One of the remarkable features of painting in the twentieth century was the persistence of the still life. Through what turned out to be a long and largely self-destructive period, painters didn’t abandon the genre which had been developed during the Dutch Golden Age: far from it, still life painting continued to develop.
Unfortunately, for copyright reasons I’m severely constrained in the paintings that I can show as examples here. I particularly acknowledge the kindness of White Cube and Ellen Altfest for allowing me to show a couple of her wonderful paintings.
Felix Esterl eschewed fine detail in his curious collection of objects in Still life with Skinned Hare, Chicken, Fish and Turtle from 1929, which is perhaps just as well.

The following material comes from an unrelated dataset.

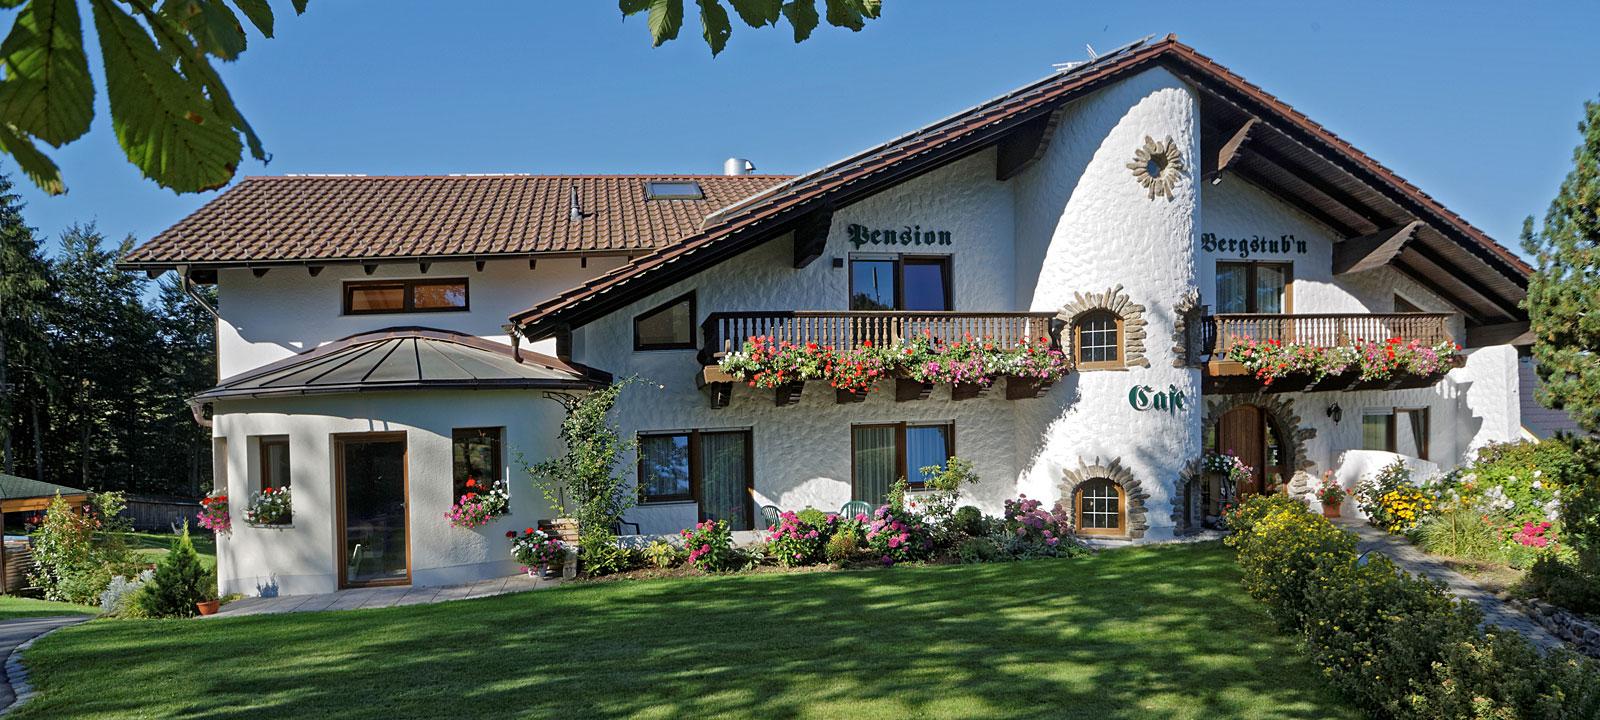 Pension Bergstubn in Saldenburg im Dreiburgenland

The New Zealand artist Frances Hodgkins, working largely in Britain, painted several innovative still lifes: above, Still Life Eggs, Tomatoes and Mushrooms, and below Vase of Flowers, both completed in 1929. The former is a development of the traditional meal setting, and the latter is a good example of one of her favourite compositional devices, a still life in the foreground of a window, which in turn frames a distant landscape.
Hodgkins’ The Painted Chest from 1938 is another composite of still life and outdoor view. Standing on top of the painted chest are two jugs and a vase, the latter containing flowers. In the distance is what appears to be a laid-out vegetable and flower garden.
Among the great specialist still life artists of the latter half of the century is Janet Fish (1938-), whose breathtaking paintings can be seen at DC Moore Gallery. She has taken the showpiece of glass and other reflective surfaces to a new level.
Ellen Altfest (1970-) has pursued a rather different course, in painting the real world one morsel at a time. A good overview of her paintings is at White Cube.
Her early works explored segments of trees, logs, plants (including a marvellously intricate rendering of tumbleweed), and a still-life collection of gourds. As if in transition, in 2009 she painted a composite still life of a rock, a foot, and a plant. Since then she has concentrated on small rectangular segments of the human body. She achieved some notoriety in 2006 when this included a penis, which met with press hubbub when shown at the Royal Academy in the Saatchi USA TODAY exhibition.
Altfest is as detailed and precise in her methods and techniques as are her works. To ensure that her painted representations are exact, she measures angles with metal skewers, and places marks to maintain her orientation in forests of hair. She eschews grids and projections so that she can retain a sense of herself, and not lapse into mechanical reproduction. She only paints in natural light, and often outdoors, even during Arctic winter weather.
The end result is nothing like a photograph. These are oil paintings which result from the most prolonged and intense looking, and painstaking painting. They are exquisitely crafted, and thoroughly evocative. They are both very modern and deeply traditional, living still life, rather than nature morte.
Even the Golden Age vanitas painting has been effectively revived, as in Jeylina Ever’s topical Vanitas Symbolizing Childhood Disease, Culture, Time Passing and Death from 2009.
Tjalf Sparnaay’s ‘mega-realistic’ Sandwich Ham-Egg (2014) brings us well into the twenty-first century of fast food, following the tradition of the meal table and bodegone, the eternal still life which concludes the paintings in this series.